Beyond VRAM, the context length of 128,000 tokens for Llama 3.3 70B presents another challenge. While the model supports this large context window, processing such long sequences requires substantial memory and computational resources during inference. The Jetson AGX Orin, with its 2048 CUDA cores, would struggle to efficiently handle the computational demands of processing very long contexts in real-time. This is especially true given that the model is already operating at the edge of the hardware's capabilities due to the VRAM limitations.
Given the significant VRAM shortfall, running Llama 3.3 70B directly on the Jetson AGX Orin 64GB is not feasible without substantial modifications. The most practical approach would involve aggressive quantization techniques, such as Q4 or even lower precisions, using frameworks like llama.cpp or potentially exllama if compatible with the Jetson architecture. Model parallelism, where the model is split across multiple devices, is not an option with a single Jetson AGX Orin. Consider using a smaller model, like Llama 3.3 8B or 15B, which are designed to fit within the VRAM constraints of the Jetson AGX Orin.
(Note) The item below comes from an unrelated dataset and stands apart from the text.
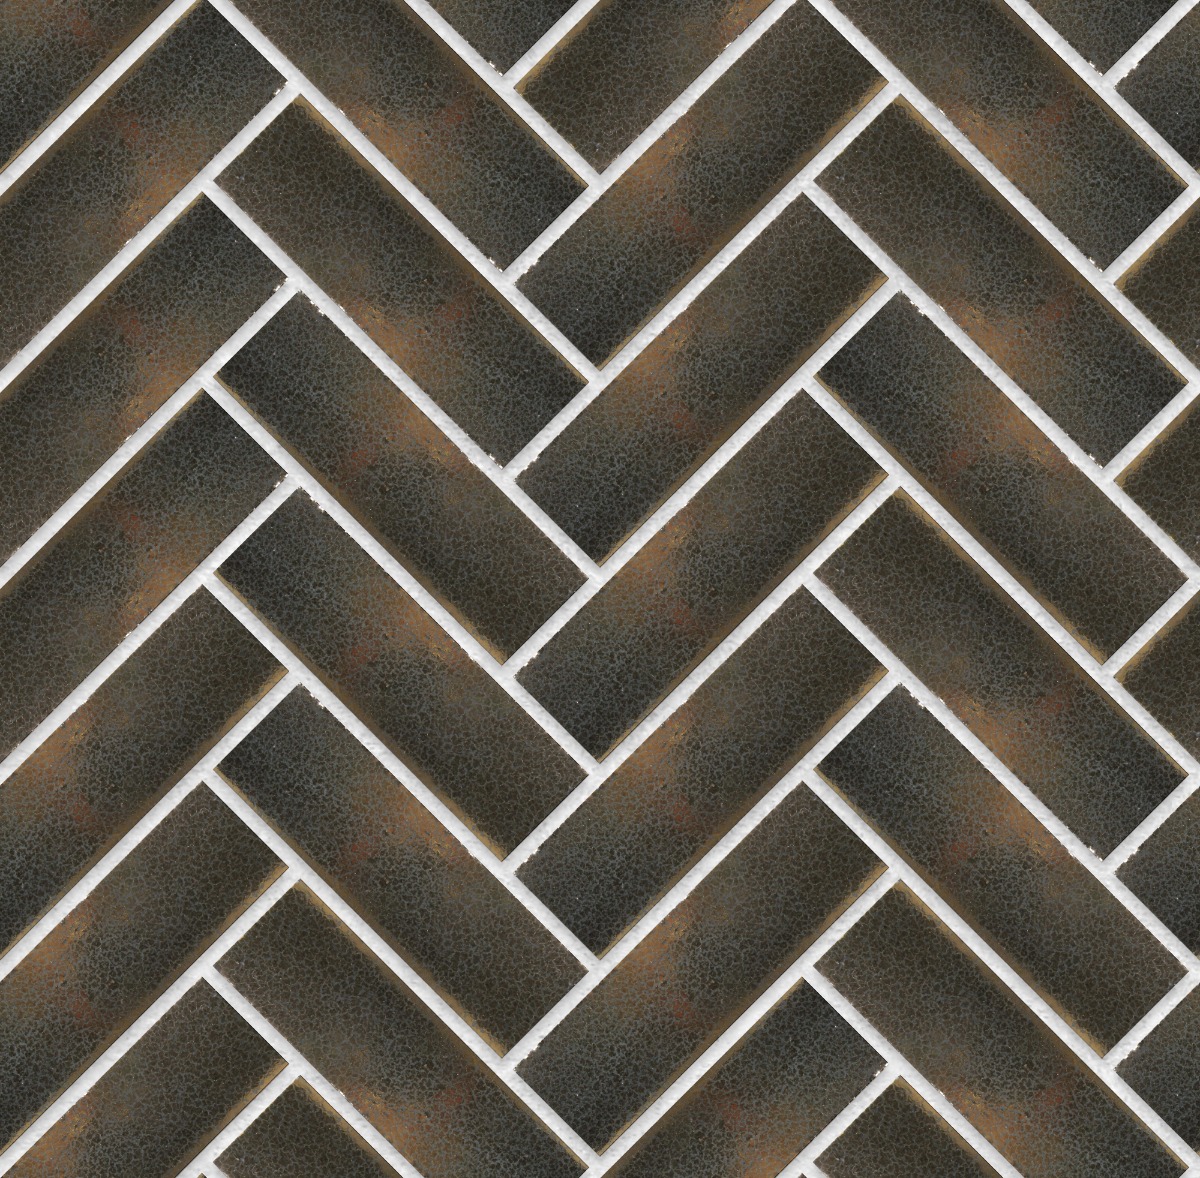 A seamless brick texture with eco-glazed brick slips - weathered bronze units arranged in a Herringbone pattern
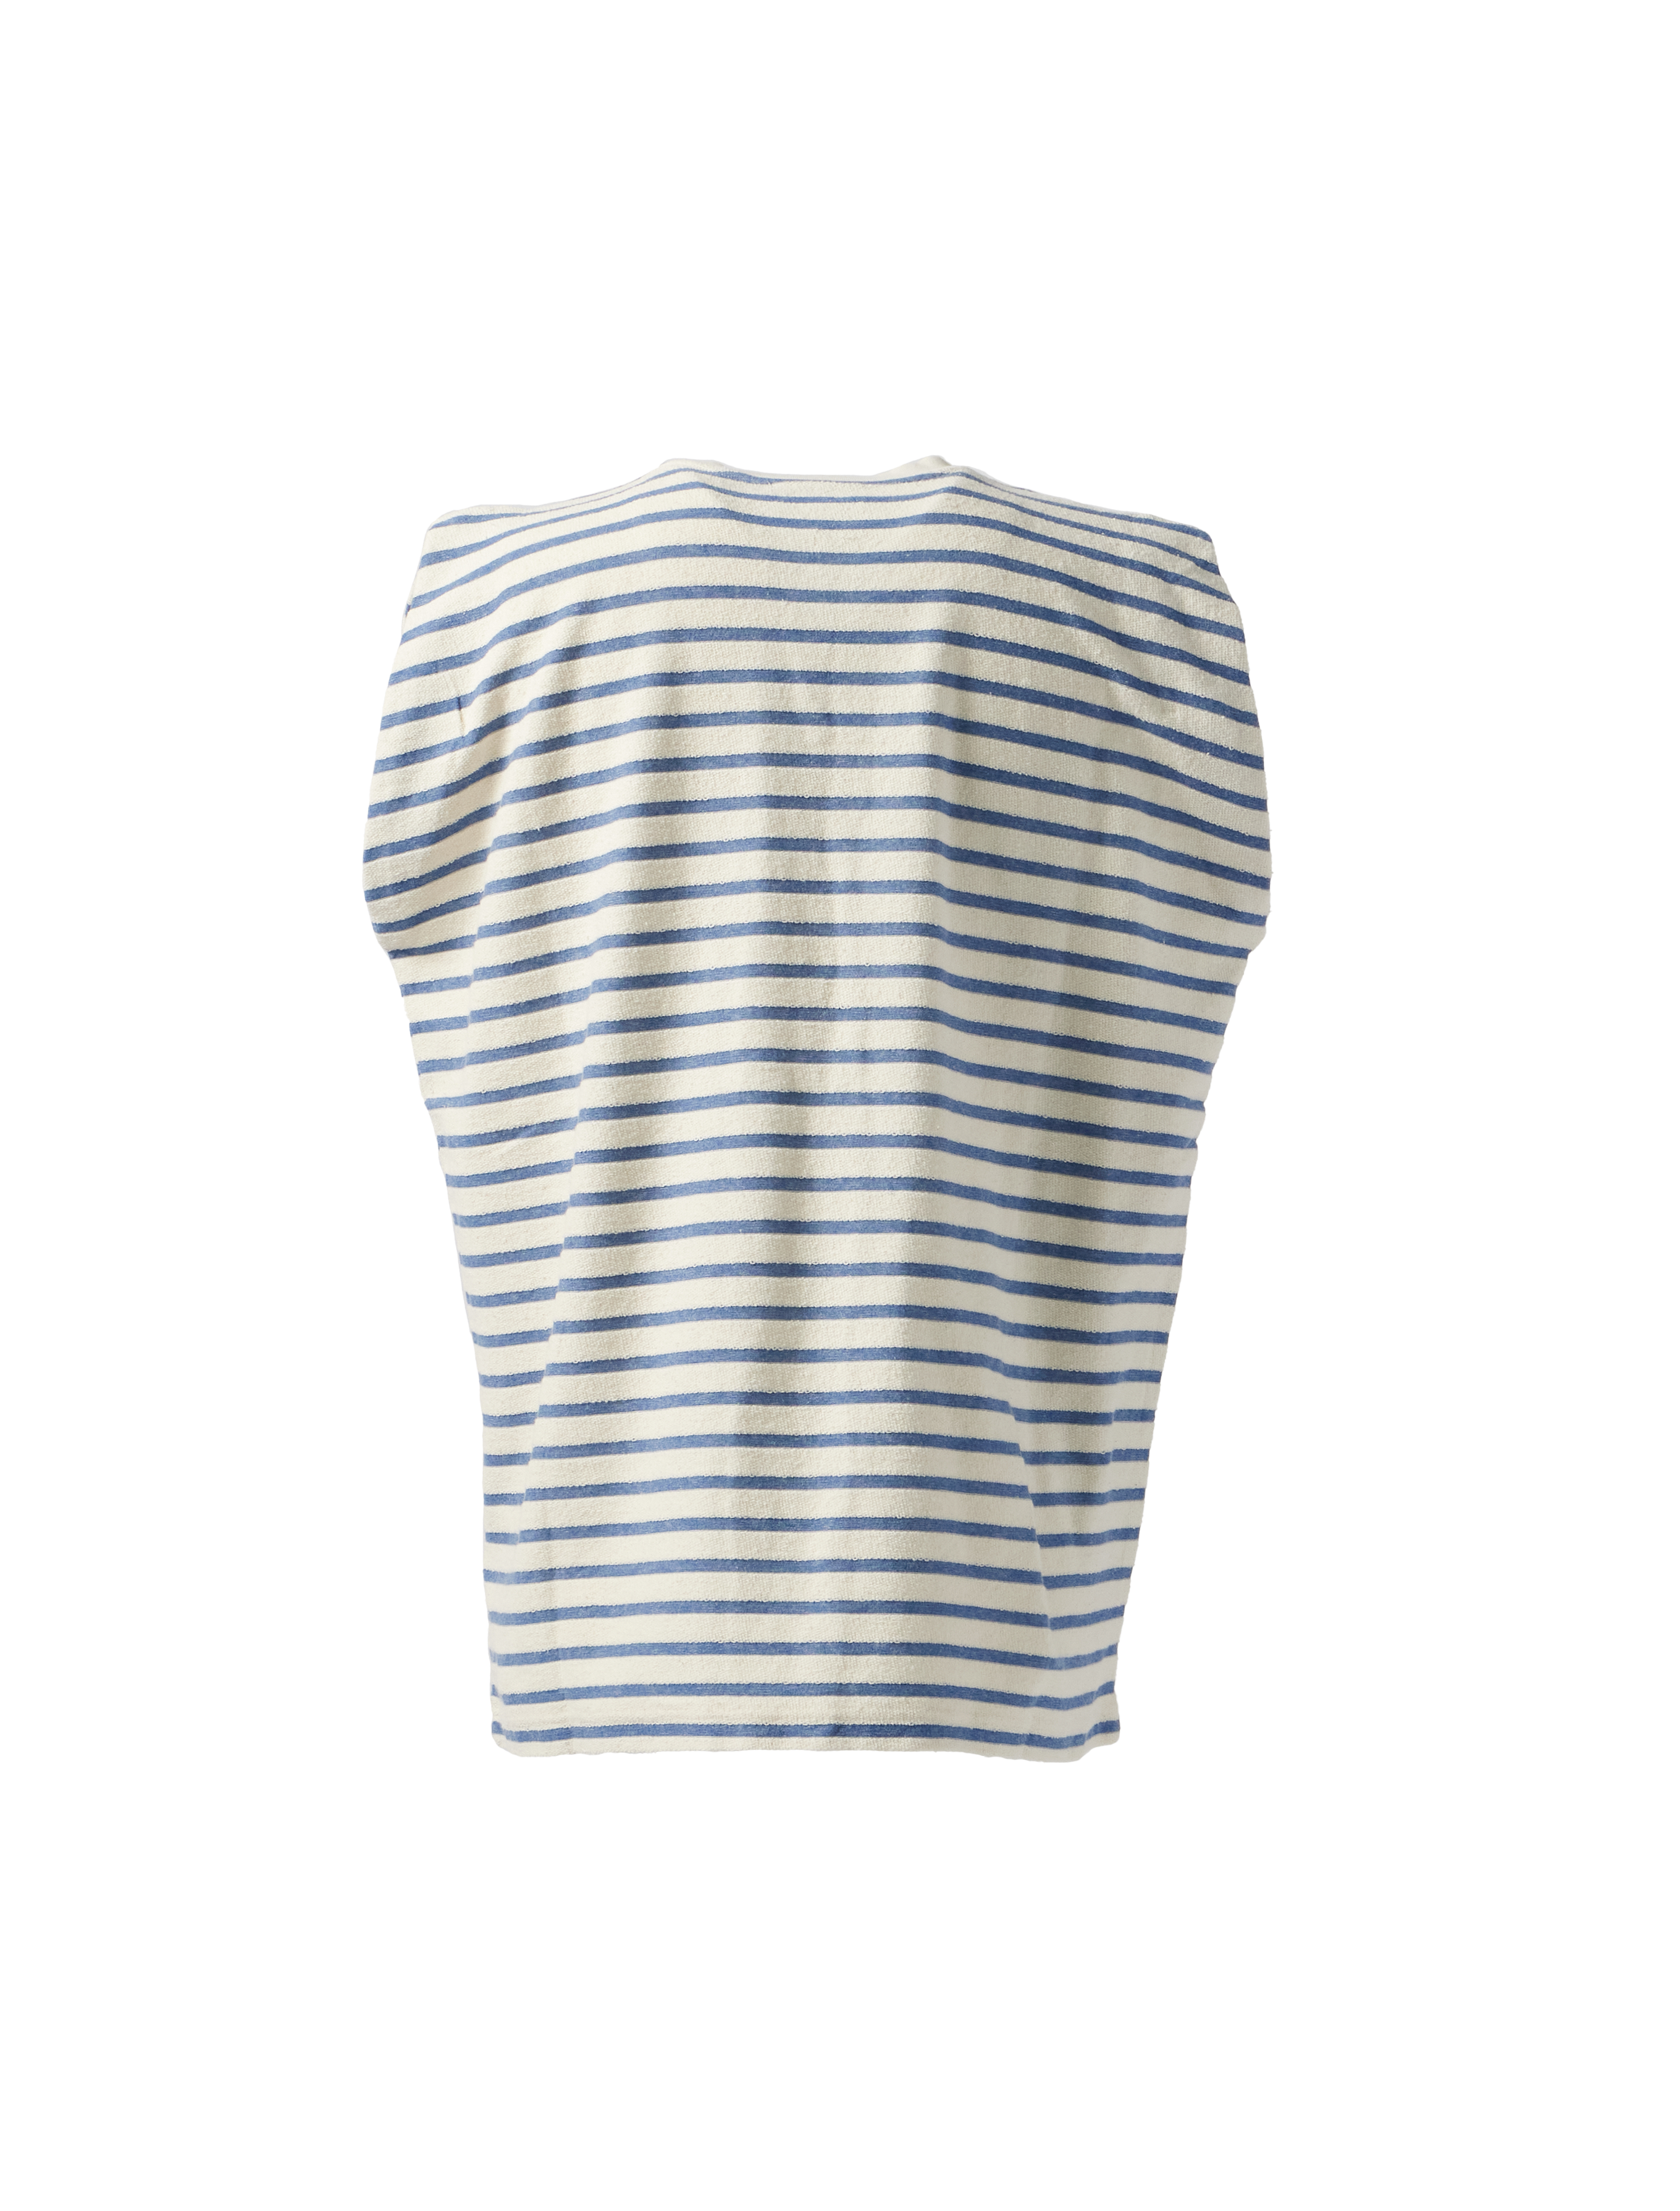 JW ANDERSON - Grape Sleeveless T-Shirt product image

Alternatively, consider offloading inference to a more powerful server with sufficient GPU resources. The Jetson AGX Orin could then act as a client, sending requests to the server and receiving the generated text. If you must run a large model locally, explore techniques like CPU offloading for certain layers, but be aware that this will dramatically decrease performance. Focus on optimizing the inference pipeline and minimizing memory usage wherever possible.